Israeli media reported the reason for the change of venue resulted from a military regulation that prohibits helicopters from landing atop Masada, due to the flying rocks and dust that become whipped about from the windy conditions created by the propellers as the aircraft lands and takes off. Such flying projectiles are dangerous to the ancient site, as well as to the propellers of the helicopter itself.
Israeli officials suggested the Trump helicopter land at the bottom of Masada, and then use the cable cars to ascend to the fortress, as did former President George W. Bush during his visit, but the Trump team rejected the proposal.
Perhaps the ancient story of Masada was too Jewish a symbol for the Trump travel planners? The Israel Museum houses some nice, safely neutral art zones.
Likewise, the Trump team has also informed Israeli officials that Prime Minister Benjamin Netanyahu will not be allowed to accompany President Trump on his visit next Wednesday to the Western Wall, which is expected to follow his visit to the Church of the Holy Sepulchre, and his meeting with Palestinian Authority leader Mahmoud Abbas, both in Bethlehem.
All three events fall on Jerusalem Day, the day Israel celebrates the reunification of its eternal capital, Jerusalem. President Trump may be bending over backwards to avoid the appearance of any bias towards Israel, let alone towards the reunification of Jerusalem under Israeli sovereignty in the face of widespread rancor from Arab allies over the issue.
“No Israeli leader will join President Trump to the Western Wall,” McMaster told reporters, where he said the president will “pray,” but then went on to emphasize that his visit to the site was just part of a much bigger picture.
“He’s going to the Western Wall mainly in connection with the theme to connect with three of the world’s great religions, and to advance … to pay homage at each of these religious sites that he’s visiting, but also to highlight the theme that we all have to be united against what are all the enemies of all people, and that we have to be joined together with an agenda of tolerance and moderation.“
Asked by a reporter whether the president considers the Western Wall to be part of Israel, McMaster chuckled and then neatly sidestepped the question.

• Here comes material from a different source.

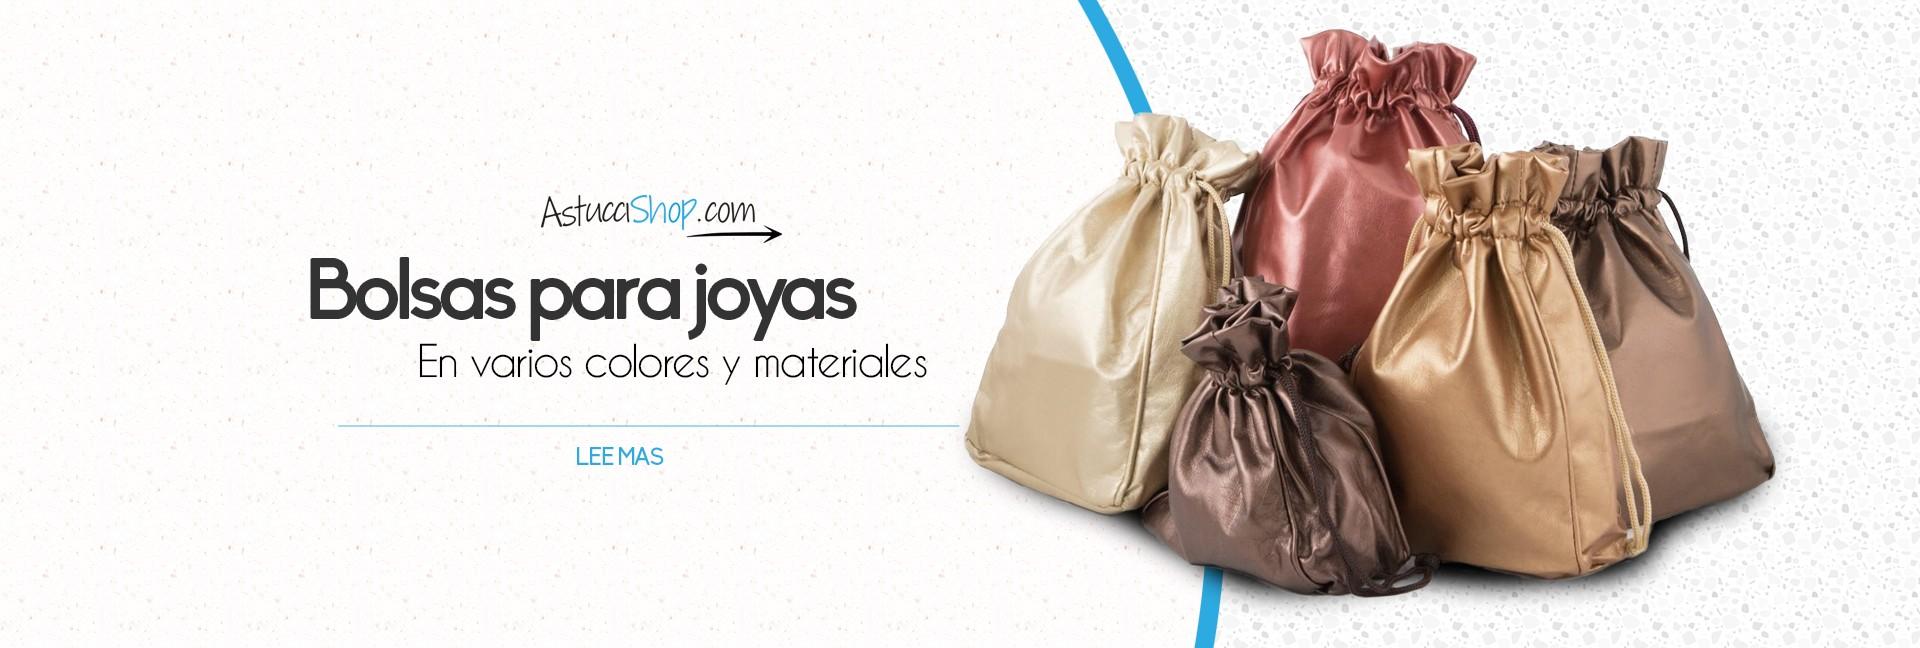 bolsas para joyas
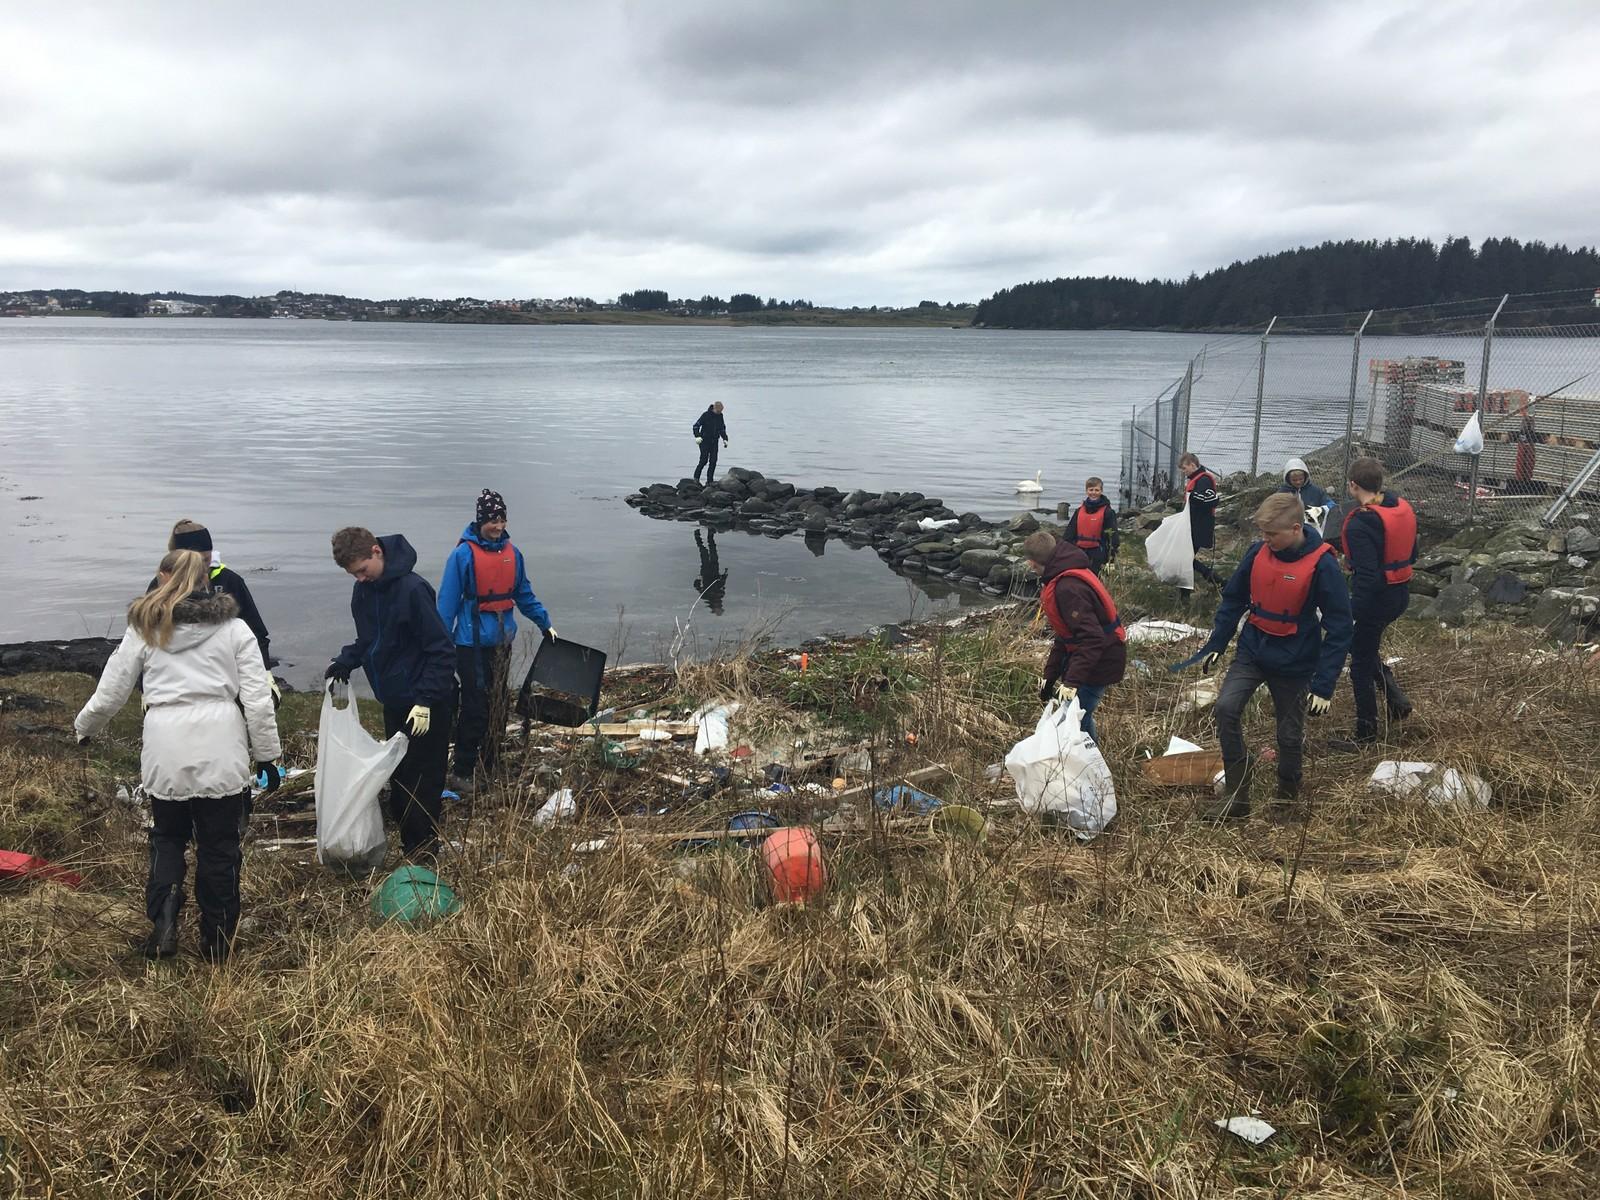 9. klassingener på Vormedal skole har natur, miljø og friluftsliv som valgfag, og er ute i naturen hver torsdag. Torsdag plukka de søppel rett nord for FMC.

“That sounds like a policy decision – and that’s the president’s intention … The President’s intention is to visit these religious sites to highlight the need for unity among three of the world’s great religions,” he said. “Unity in confronting a very grave threat to all civilizations, and unity in embracing an agenda of tolerance.”
The question referenced a rude remark made by an alleged “senior administration official” to members of Israel’s Prime Minister’s Office who were trying to coordinate the president’s itinerary for the time he will be in Israel.
The Israelis had forwarded the request for the prime minister to accompany the president at the Western Wall, and the reply was a rude rejection. The Israelis then asked for an Israeli photographer to document the president’s visit to the site, a routine matter, only to be told “What business is it of yours? It’s not in your territory – it’s part of the West Bank.”
Israeli media later reported the statement was made by diplomats from the American Consulate in Jerusalem; there have since been unconfirmed reports that at least one of the two staff members involved in the incident may lose his job.
Moreover, within hours after the remarks were reported, a spokesperson for the White House told JewishPress.com, “That is not the position of this administration.”
Nevertheless, it is clear there is some jockeying going on behind the scenes with changes still being made to the president’s itinerary in Israel as his aides struggle to portray him as neutral in this hottest of all hotbeds, the heartbeat of the Middle East.
President Trump arrives in Israel after visiting Riyadh, where he will have already delivered a speech on Islam. He proceeds to Rome to visit Pope Francis at the Vatican following his visit in Israel, and winds up his first presidential overseas trip with a stop in Brussels for a NATO meeting and one in Sicily for the G-7 conference.